Investors’ trust in UAE economy zooms

Investors’ trust in UAE economy zooms

DUBAI: Alliance Business Centers Network (ABCN), has affirmed that the UAE is the least affected globally and regionally when it comes to imposing the value added tax (VAT) on business sectors, which makes its investment environment constantly competitive for all sectors.

A recent study conducted by the group showed that the UAE has the lowest VAT regionally and globally, compared to countries such as UK, Switzerland, Germany, Mexico, South Africa and Australia. The UAE VAT rate is also the lowest among the Arab countries that apply this tax.

The study, which compared between the UAE and a number of countries around the world, revealed that the VAT in UK and France was 20 per cent, Germany 19 per cent, China 17 per cent, Mexico 16 per cent, South Africa 14 %, Australia (Tax similar to VAT) 10 per cent and Switzerland 8 per cent. This means that the UAE is one of the world’s lowest countries in terms of imposing taxes.

The study showed that Taiwan imposes one of the lowest VAT rates at 5 %, followed by Singapore at 7 %, whereas the VAT soars up to 27 % in Hungary, 25 % in Denmark, 22 % in Italy, 21 % in Spain and 18 % in Turkey.

Other countries impose a VAT including Russia at 18 %, Brazil between 7 and 18 %, India at 13.5 %, Indonesia and South Korea at 10 %, Senegal at 18 % and Sri Lanka at 12 %.

In the Arab countries, the study showed that Tunisia imposes the highest VAT at 18 %, Algeria between 7 and 17 %, Egypt at 14 % and Lebanon at 10 %.

The study valued the Cabinet’s recent decision to allocate 70 % of the country’s value added tax revenues to local governments, thereby enhancing their ability to invest in new development projects.

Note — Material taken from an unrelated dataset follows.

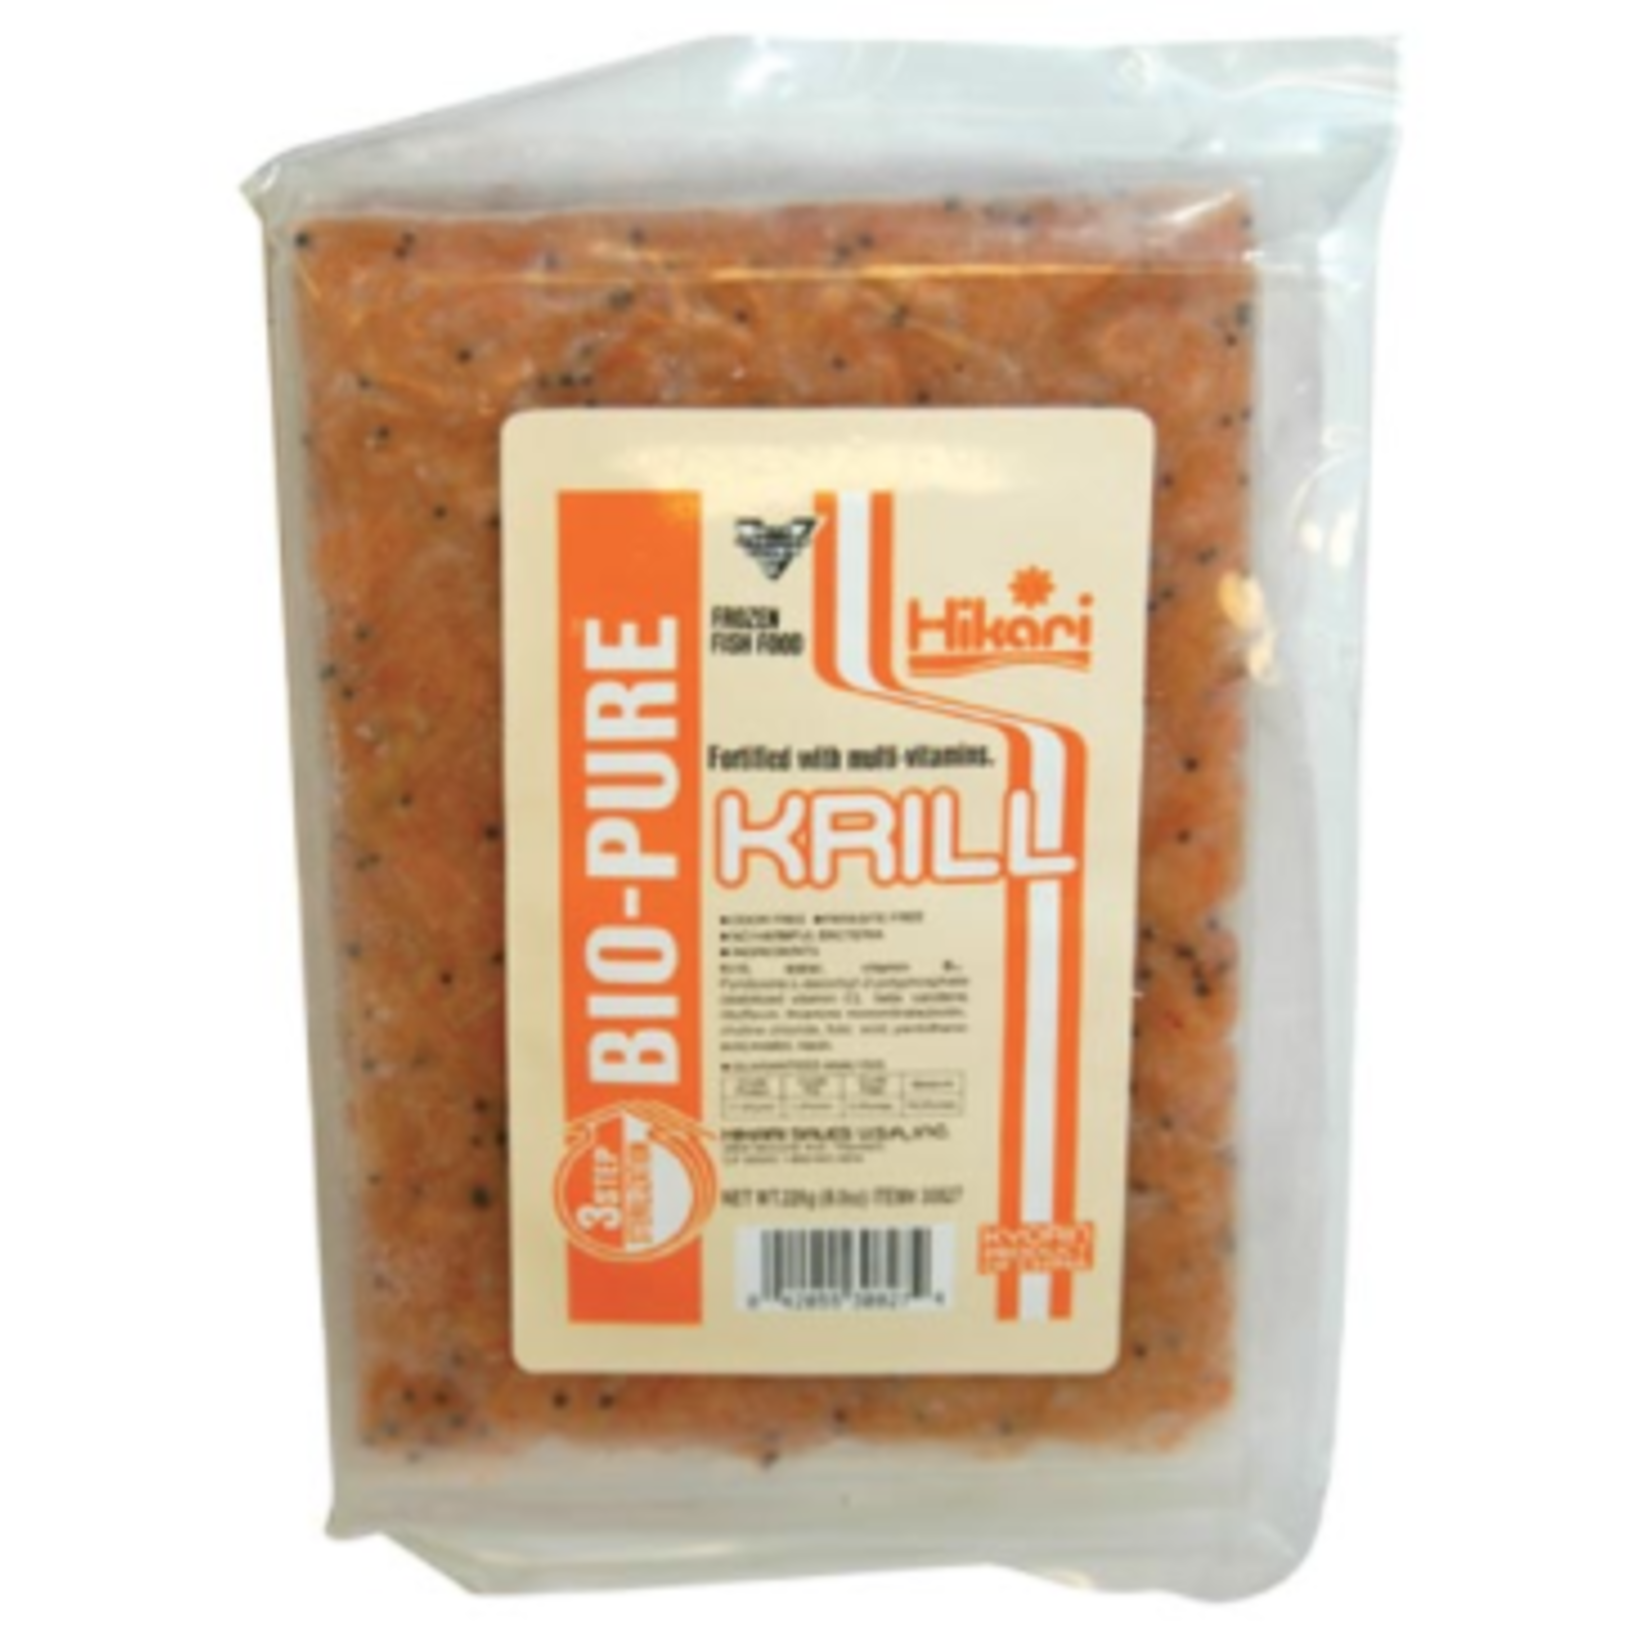 Hikari Bio-Pure Frozen Krill - Flatpack - 8 oz - Rick's Pet Stores

The study ruled out the possibility for the VAT to have any negative effects on Expo 2020 plans and projects, stressing that these projects have opened up sustainable investment areas for the UAE in all investment and service sectors.

The study emphasized that compared to the countries of the region, the UAE proved to be the best when it comes to trust in investments and the availability of comparative advantages that contribute to business growth, especially in terms of infrastructure, transparency, imposition of no income tax and tight investment- regulating legislation.

Data analysis pointed out that the federal and local budgets announced for 2018 prove that government spending on development is increasing, which encourages the business sectors to continue to grow through investment expansion, since the UAE offers a large number of incentives to encourage the growth and sustainability of business. Advanced infrastructure, services, free zones, logistics and robust financial system are some examples to name the few.

The study showed that all the federal and local budgets announced for 2018 confirmed that government spending on development was on the increase, thereby encouraging the business sectors to keep growing. The UAE also provides many incentives that encourage business growth and sustainability, backed by sophisticated infrastructure, services, free zones, logistics and robust financial system, the study added.

“The potential of business opportunities in the UAE is still high compared to regional countries, given the medium and long-term vision for development and the opening up of new investment fields, i.e. investments in artificial intelligence, ICT and other traditional investment sectors”, the Alliance study said.

According to the study, the business associated with VAT-free sectors such as health and education has also a comparative advantage, compared with the services and products provided in other sectors.

The study stated that the majority of ABNC companies operating in the UAE have the ‘know-how’ of the tax systems applicable in more than 150 countries around the world and that the VAT is the most common tax system in the world including the EU’s 28 countries.

“VAT will ultimately support the development of large public projects that contribute to business growth and sustainability,” said Sherif Kamel, Regional President for Russia ,Middle East and Africa.

Kamel revealed that since VAT was adopted, ABCN started to provide their local and international clients with the necessary guidance and consultations regarding the implementation of the tax, adding that they also familiarized the other companies looking for doing business in the UAE with the tax.

ABCN is currently looking into ways to help the companies in its network to ensure that the operations of their group of companies are run smoothly, Kamel added, noting that the efforts exerted by ABCN are focused on providing a business environment at attractive costs for their clients to develop and grow in the UAE.

The UAE government is striving to ensure the sustainability and continuity of high quality government services in the future, Kamel said.

“VAT income is a new addition to the country’s vision of reducing dependence on oil. The impact of the tax on the cost of living in the UAE will be limited and will vary depending on the lifestyle of individuals and how they behave in spending,” he added.